With the implementation of the hanging wall support regime and transition to owner operate completed, combined with the normalised industrial relations environment in the Rustenburg area, operational improvements achieved at Kroondal are expected to improve efficiencies and productivity.
Booysendal
The potential acquisition by Aquarius of the Booysendal mining rights from Northam Platinum remains subject to the conclusion of certain conditions precedent, most notably the approval by the Department of Mineral Resources, as previously advised. As part of the agreement a $15 million deposit was placed in an escrow account, and the Board of Aquarius resolved that the company enter into a foreign currency contract to fix the exchange rate covering the potential R1.2 billion purchase consideration, given that Aquarius maintains its treasury primarily in US Dollars.
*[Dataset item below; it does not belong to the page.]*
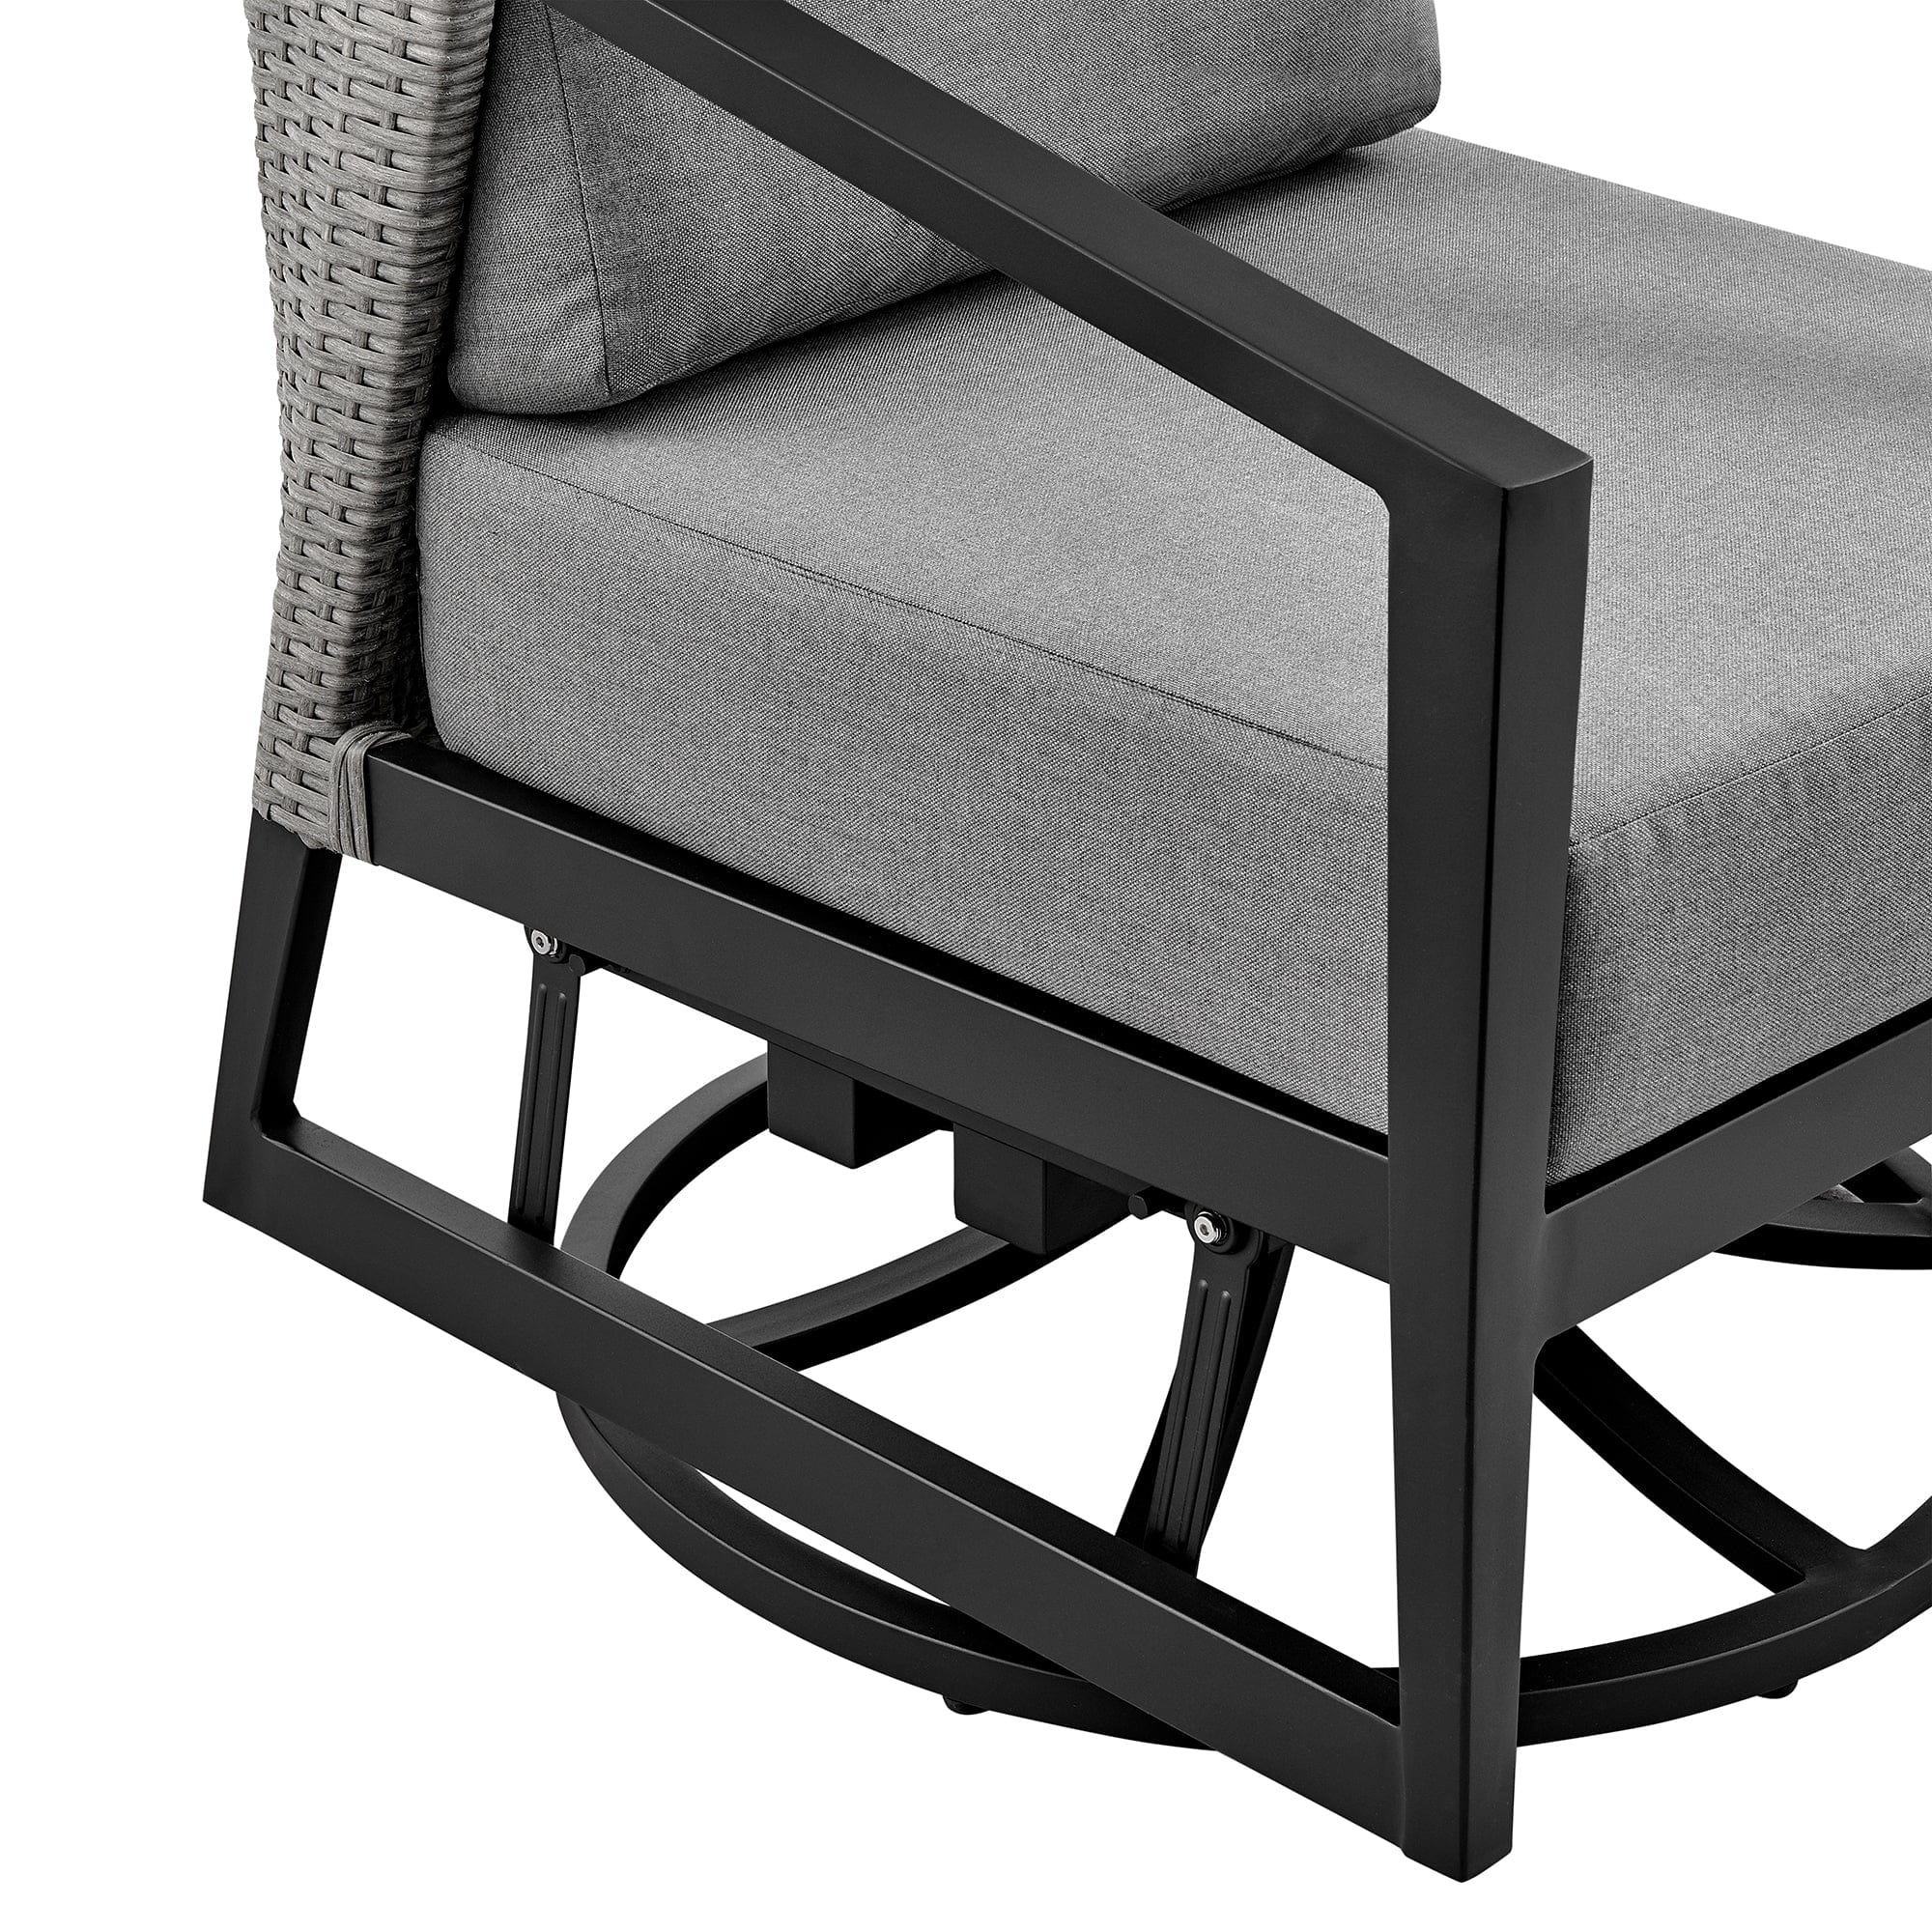 Armen Living Outdoor Swivel Chair Armen Living | Palma Outdoor Patio Swivel Lounge Chair in Aluminum with Grey Cushions | LCPFSWCHGR

Aquarius has concluded that given the manner in which Aquarius is likely to finance the purchase obligation, retaining the foreign currency contract is no longer required. In view of this, it was resolved to close out the currency contract and expects to record a cash foreign exchange loss in the vicinity of $25 million. Aquarius will continue to monitor developments regarding the Booysendal transaction and will keep shareholders informed.
Zimbabwe
The Mimosa mine continues to perform well and remains on track to deliver its forecast production levels. The Board of Mimosa remains engaged with the Government of Zimbabwe in relation to finalizing the indigenization of Mimosa and shareholders will be advised in the event that agreement is reached.
Cash balances
Taking account of the impact of the one off costs referred to above and the estimated cost of the foreign exchange contract at current exchange rates, group cash at the end of November is expected to be $85 million.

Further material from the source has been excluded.